In this study, a genetic algorithm was proposed to optimize the structural parameters of pit drip irrigation emitters. Numerical simulation and model experiments were used to analyse the flow index and energy dissipation effect of the optimal structural parameters. Our conclusions are as follows.

  1. 1.

    The optimal structural parameters of the pit flow channel drip irrigation emitter were found by the genetic algorithm. The corresponding physical samples were made, and a reasonable experimental method was designed for testing and comparison. The comparison results showed that the correlation coefficient between the simulated results and measured results was 0.9995, and the average error was 3.4%. This indicated that the simulated results were highly accurate, which can provide a specific basis for the relevant structure optimization design.

  2. 2.

    Through the simulations and related calculations of COMSOL software, a large amount of data between the flow rate and flow index was obtained, which provided a guarantee for the establishment of related mathematical models. The regression model between the flow index and each structural parameter was fitted by using multiple linear regression analysis. The influence degree of each structural parameter on the flow index was clarified in descending order: tooth stagger value (j), flow channel angle (θ), tooth spacing (l) and inner and outer boundary spacing (h). The flow index (x) was negatively correlated with the tooth stagger value (j), flow channel angle (θ) and tooth spacing (l) and positively correlated with the inner and outer boundary spacing (h).

  3. 3.

    This paper studied the flow velocity distribution and pressure distribution at various locations inside the flow channel under working pressure (50 kPa). There were large areas of low flow velocity at the junction and the corner of the flow channel units, but no complete low-velocity vortex was observed, indicating that the flow channel had good anti-clogging performance. The flow velocity distribution on the same cross-section had a large gap, which made the liquid of different flow layers collide and mix with each other and intensified the energy loss. The pressure gradually decreased from the inlet to the outlet, indicating that the pit flow channel drip irrigation emitter had a good energy dissipation effect.
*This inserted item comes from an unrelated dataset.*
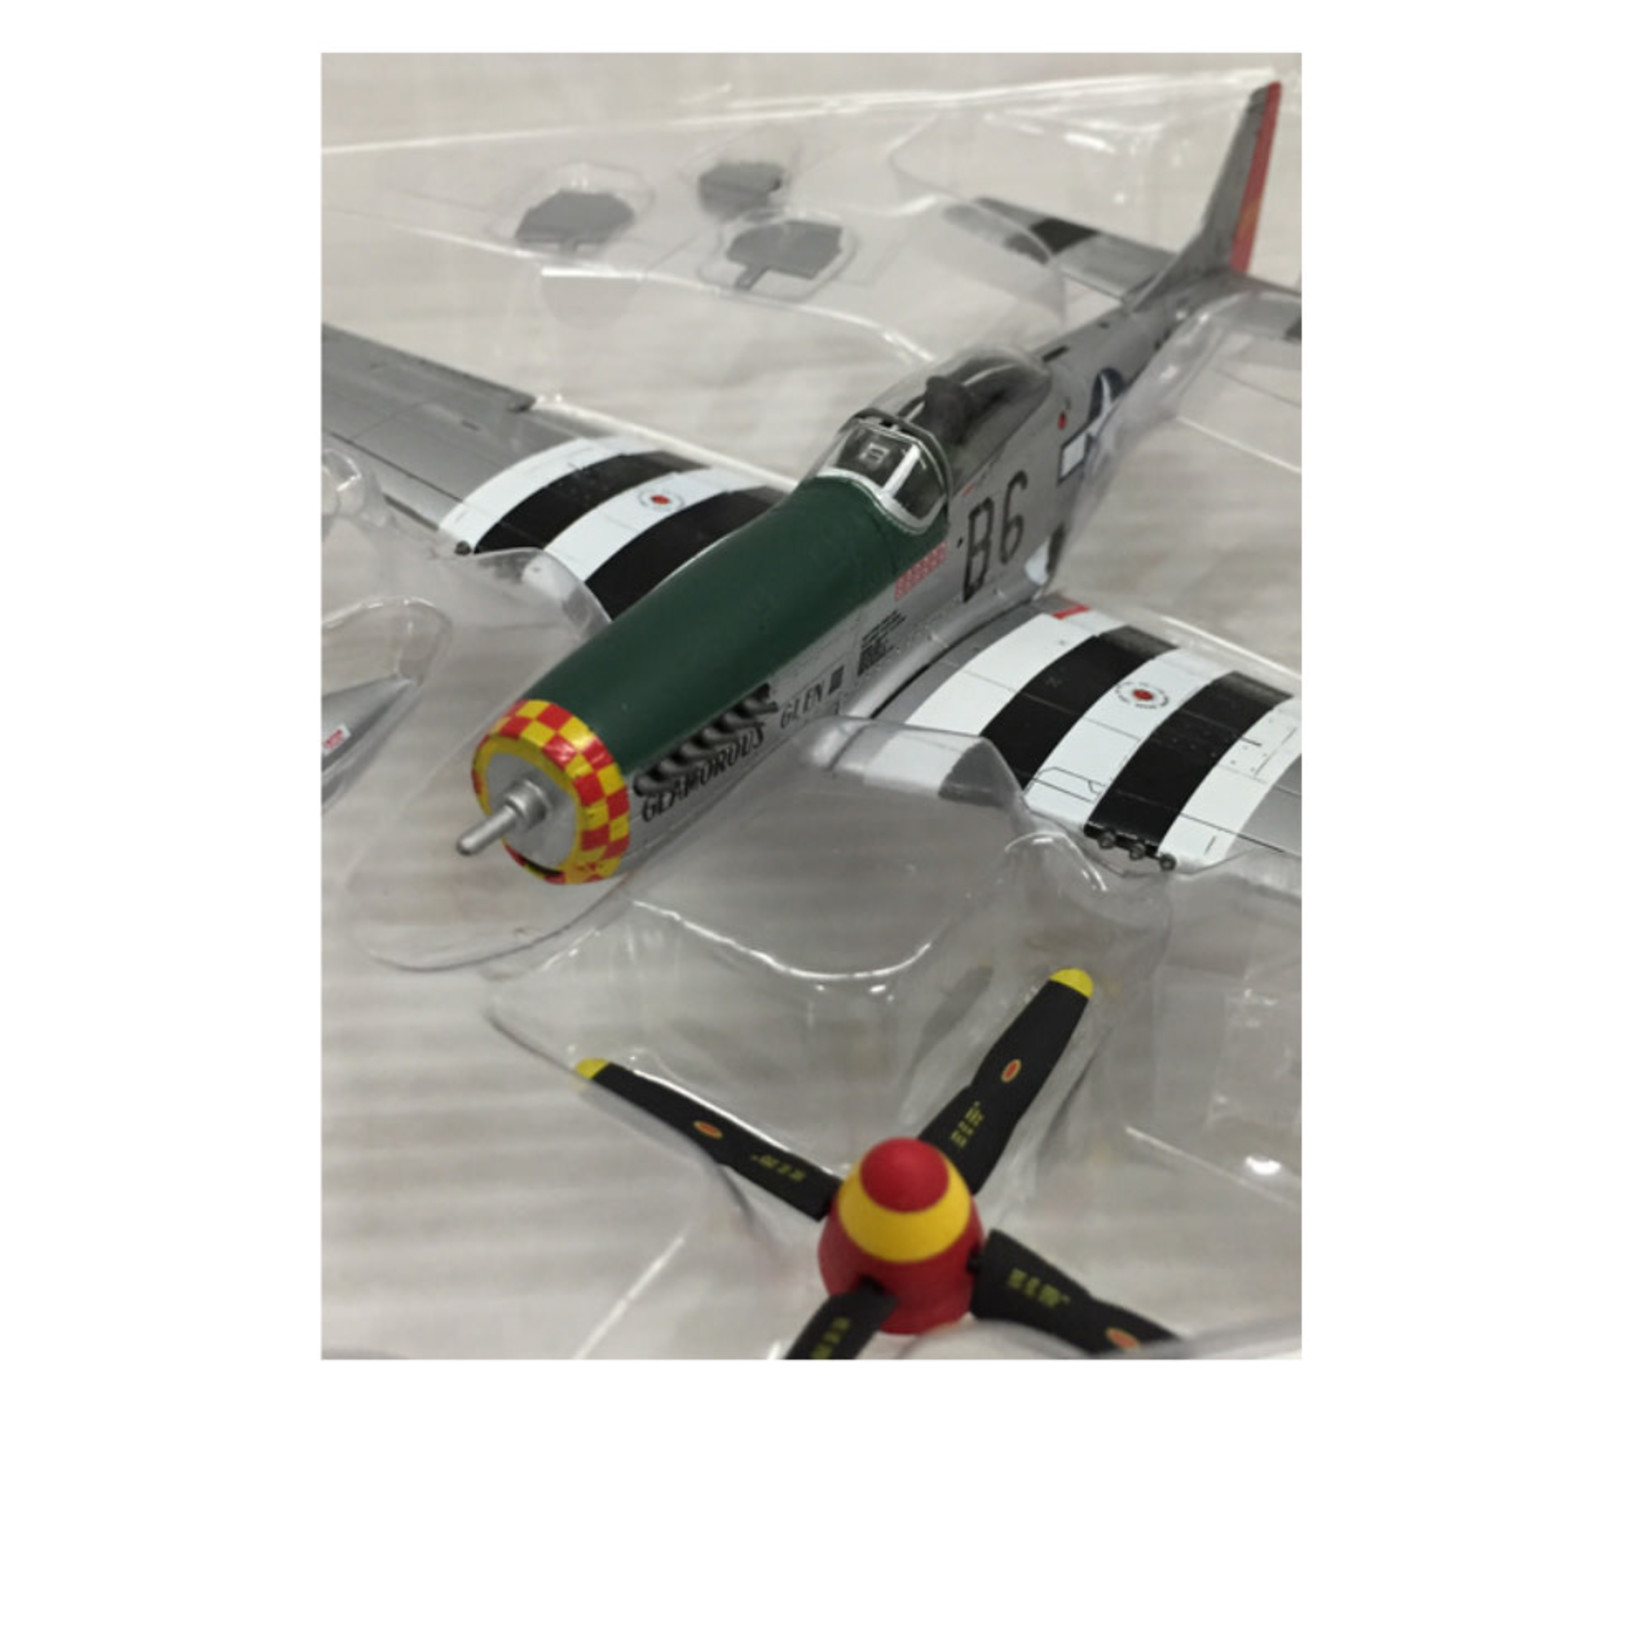 DRAGON DRAGON WINGS 1:72 WWII WARBIRDS SERIES P-51D MUSTANG ‘GLAMOROUS GLENNIS’

Due to the unique nature of the emitter structure of this study, the derivation conditions of the relationship equation between the flow channel structural parameters are more demanding and rigid. Therefore, the relevant conclusions drawn have certain limitations. To further improve the performance of pit drip irrigation emitters, the anti-clogging ability of particles with different sizes should be studied in the future.